Unfair Dismissal

This is essentially the termination of a contract of employment in circumstances that are unfair, harsh, unjust, or unreasonable.

For example in Western Australia, the workplace agreement laws strengthen the rights of employees. Those who are dismissed harshly, oppressively or unfairly can make a complaint to an independent arbitrator. If successful, they can be reinstated, compensated or both. The meaning of the term 'unfair' will be determined by the arbitrator in each case.

These guidelines can be and are sometimes different in various states or territories of Australia.
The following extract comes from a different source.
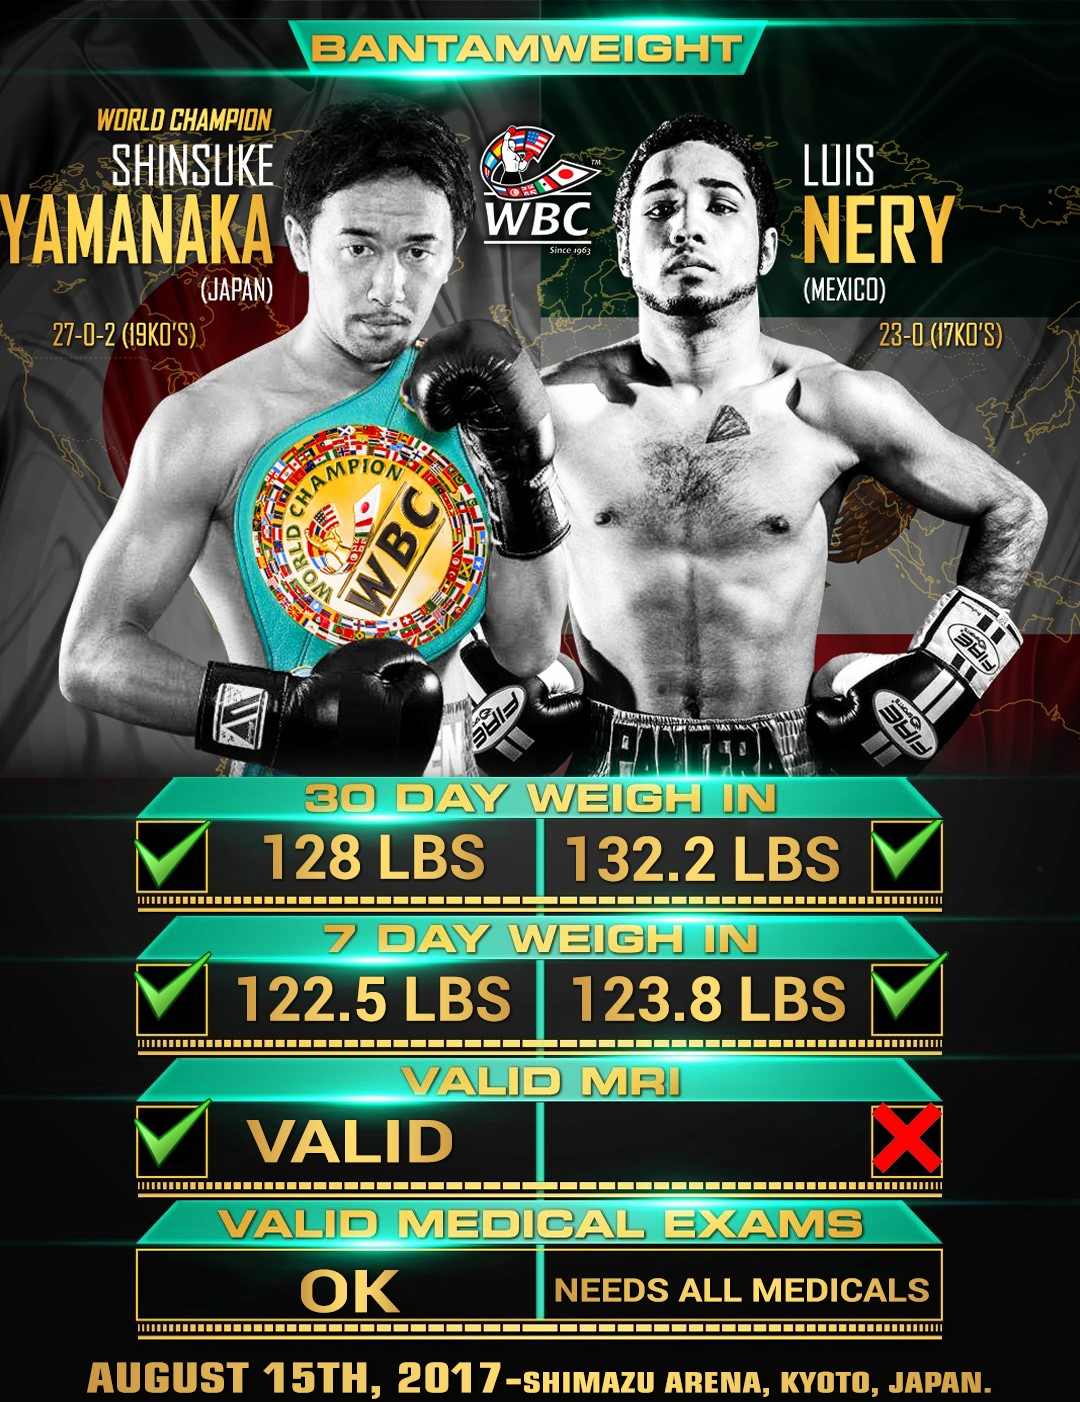 yamanaka-nery-kt-1

Correct interpretation and enforcement of your claim, should be confirmed with a Personal Injury Lawyer in your own State or Territory.

In our example using WA, employee claims of unfair dismissal are dealt with by the Industrial Magistrate's Court, unless the agreement specifically nominates the WA Industrial Relations Commission. The powers of the Court and the Commission are similar.
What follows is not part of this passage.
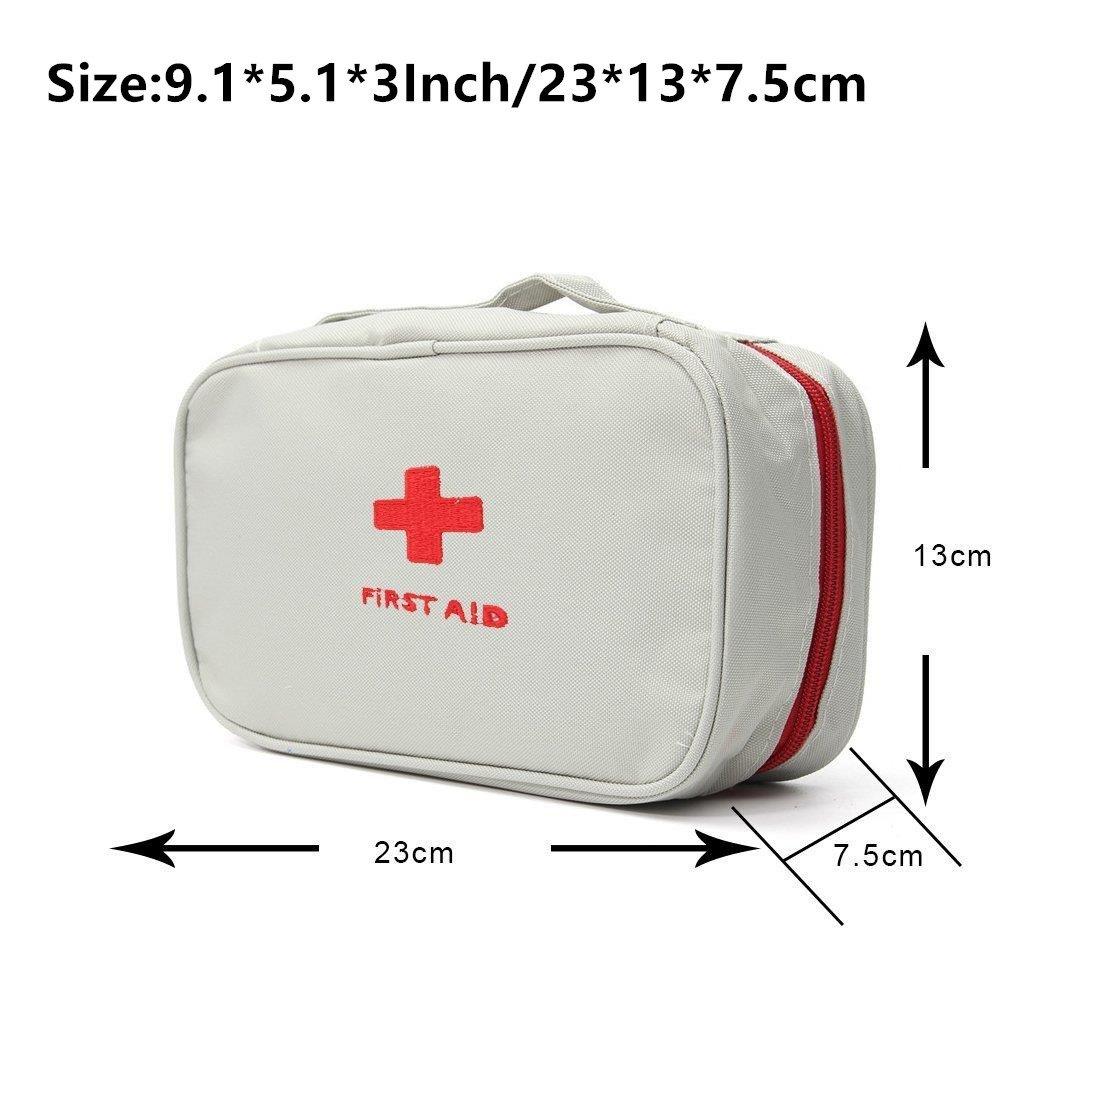 Kit Koffer Aid First Hilfe Erste SetLifesport uKcJlFT13

If an employee has been dismissed for refusing to enter a workplace agreement, for not agreeing to have an agreement varied, or for any other reason, the Court or Commission can order reinstatement, compensation of up to six months wages, or both. It is up to the employer to prove that the dismissal was not for the above reasons.

Claims of unfair dismissal must be lodged with the Court or Commission within 28 days of the termination. Employees can represent themselves at hearings or engage an agent such as a Personal Injury Lawyer or a union official. As mentioned , compensation of up to six months pay can be awarded, with the amount being based on an average of wages received.

As set out in The Workplace Relations Act 1996 , the unfair dismissal provisions are designed to give employees access to a fair and simple process of appeals against dismissals, based on the principle of a "fair go all round", striking a balance between employers and employees.

The provisions of the Act cover two types of termination: harsh, unjust, or unreasonable termination and unlawful termination.

While the Act does not define the phrase "harsh, unjust or unreasonable" it does set out the factors that the Australian Industrial Relations Commission must have regard to when determining such a matter. These include:

  • whether there was a valid reason for the termination related to the capacity or conduct of the employee, or the operational requirements of the business;
  • whether the employee was notified of that reason;
  • whether the employee was warned about unsatisfactory performance beforehand; and
  • whether the employee was given an opportunity to respond in relation to the alleged incapacity or misconduct.

The Act prohibits termination of an employee on the following grounds:

  • temporary absence from work because of illness or injury;
  • membership or non-membership of a trade union, or acting as an employee representative;
  • absence from work during maternity leave or other parental leave
  • because of the employee's sex, race, age, physical or mental disability, national extraction, religion, pregnancy, sexual preference, pregnancy, marital status, political opinion or family responsibilities;
  • the employee has made a complaint seeking enforcement of an award or agreement;
  • refusing to negotiate, sign, vary, extend or terminate an Australian Workers Agreement (AWA).

The above information is provided courtesy of WageNet WA and The Workplace Relations Act 1996.

Please note, the above information is supplied in respect to "Unfair Dismissal" laws as they exist specifically for Western Australia. The detail provided should not be compared to your own situation , or be taken as accurate up-to-date legal advice , without first consulting an expert Personal Injury Lawyer in your own location.